Meggie macht ihre neue Macht aber auch Angst. Es ist erstaunlich, wieviel Traurigkeit, sogar Melancholie, in einer so dynamischen Geschichte stecken können. In ihren Regungen sind die Erwachsenen und Kinder gleich, jedenfalls die auf der „guten“ Seite: Jeder von ihnen ist mal unsicher, mal vernünftig, mal konfus und mal entschieden. Angst und Sehnsucht fragen nicht nach dem Alter, und aus welchem Holz ein Mensch geschnitzt ist, das weiß man im Moment großer Bedrängnis - und nicht nach einem Blick auf das Geburtsdatum.

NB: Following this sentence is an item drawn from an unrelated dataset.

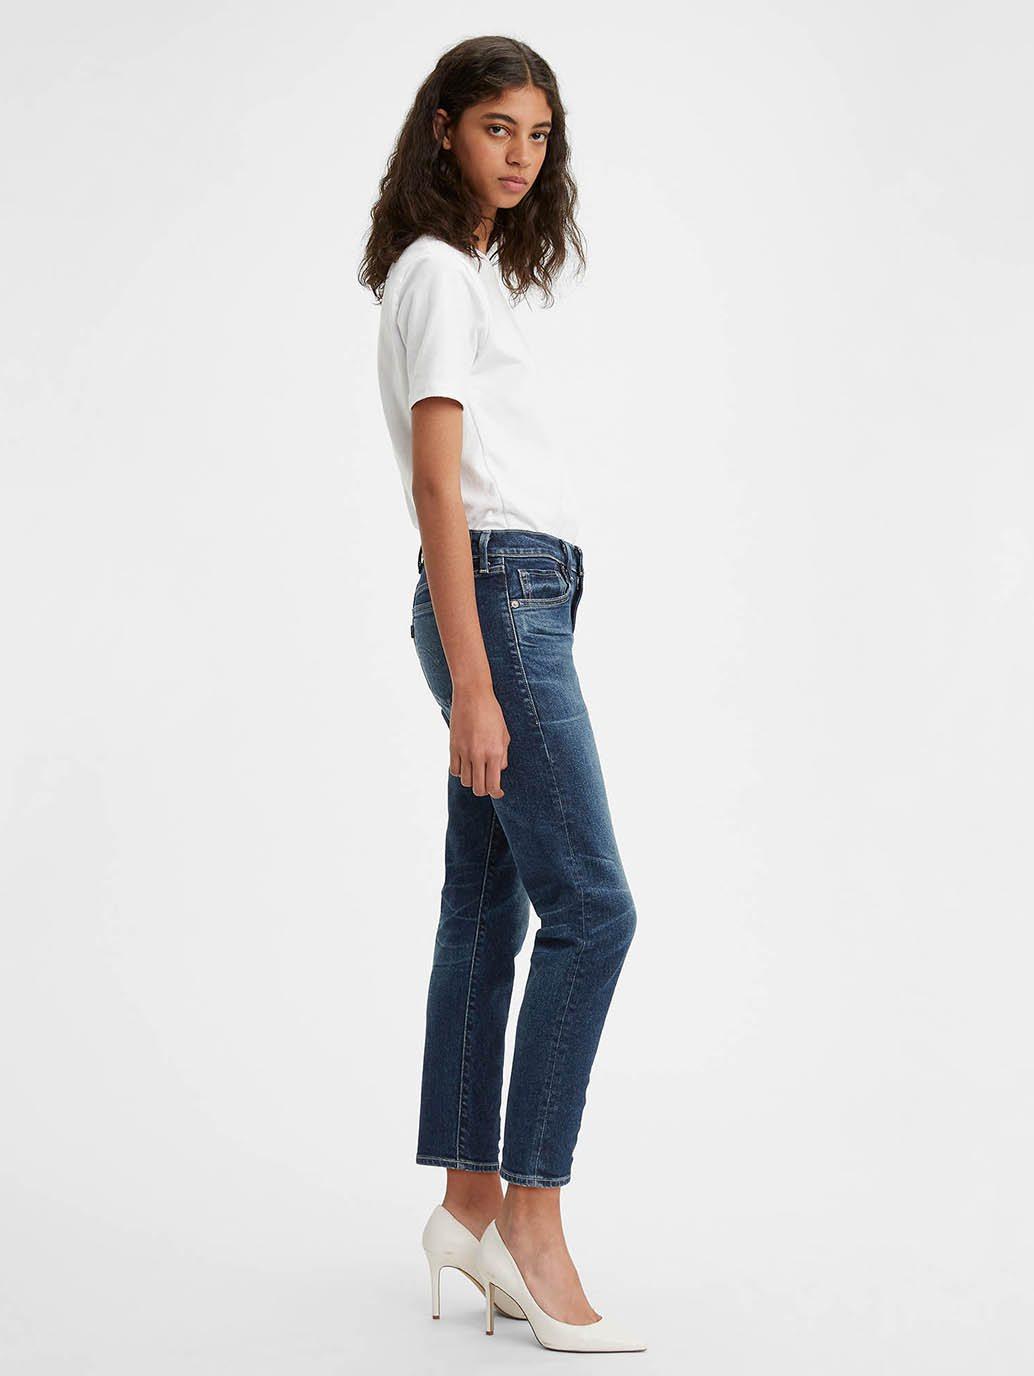 Buy Levi's® Made & Crafted® Made In Japan Boyfriend Jeans | Levi's

Schon in ihrem letzten Kinderroman, „Herr der Diebe“, gab Cornelia Funke ihren Figuren die Möglichkeit, am Rad der eigenen Geschichte zu drehen. Ganz wörtlich: drehen - denn man konnte sich auf einem alten Karussell jünger oder älter fahren lassen. Nun übernimmt ein Buch die Aufgabe, das Geschehen ins Phantastische zu kippen. Wie in „Herr der Diebe“ verzichtet Cornelia Funke auch in ihrem neuen Werk mit bewundernswerter Gelassenheit darauf, das Wesentliche ihrer Geschichte an diesem über-realistischen Kipp-Punkt aufzuhängen und sich auf ihrer guten Idee auszuruhen. Daß Menschen und Dinge aus den bedruckten Seiten fallen, ist zwar aufregend, aber viel faszinierender sind die Gedankengänge, die dadurch ausgelöst werden. So gibt Cornelia Funke den Kindern, was sie von Büchern wollen: Spaß, Spannung, Turbulenzen und tiefe Gefühle. Zusätzlich zeigt sie neue Wege, zumindest die Eingänge, zu einem Bereich, in dem es Spaß macht, konzentriert zu denken. Ein Buch, das Kindern dies bietet, ist mehr als befriedigend, was ja schon viel wäre. Es ist eine freundliche, beglückende Herausforderung.

Großes Gedankengepäck

Zaubern mit Wörtern - das ist es, was Meggie sich zu lernen vornimmt, als alles gut ausgegangen ist und sie wieder über die nächsten zwei Tage hinausdenken kann. Zuvor haben wir mit ihr ein grandioses Finale erlebt. Die Zitate am Kopf jedes Kapitels wurden immer unheilvoller, drängender, wie ein langsam anschwellender Trommelwirbel. Zitate aus Titeln übrigens, die man als Leseliste für die Zeit nach „Tintenherz“ nutzen kann und die auch andeuten, daß es durchaus noch Dunkleres für Kinder gibt. Ein gutes Leben birgt Gefahren, und gute Bücher erzählen auch von angsterregenden Dingen, das muß Meggie bei ihrer vergeblichen Suche nach Büchern, aus denen sie nichts Böses heraus-lesen kann, feststellen. Auch in diesem Sinne gehören die federnden, sicheren Schritte, mit denen Cornelia Funke ihre Figuren in aller Ruhe durch die Nacht auf den vom Feuer erleuchteten Schluß zuführt, zum Besten, was man in Kinderbüchern finden kann.

Kann Frau Funke mit Wörtern zaubern? Jedenfalls kann man „Tintenherz“ getrost vorlesen, es kommt nichts dabei heraus. Letztlich ist es in der Machart entschieden konventionell. Manche Wendungen werden allzu häufig bemüht - da „mustern“ sich alle Leute immerzu, da „fließt“ das Licht, und der Regen „trommelt mit nassen Fingern“ gegen die Fensterscheiben. Derlei trägt mit dazu bei, daß man das Buch zwar in einer Nacht durchliest, danach aber nicht mehr lange an die Geschichte denkt. Die Leidenschaft für Literatur aber und das große Gedankengepäck, mit denen dieser Schmöker daherkommt, die bleiben im Sinn.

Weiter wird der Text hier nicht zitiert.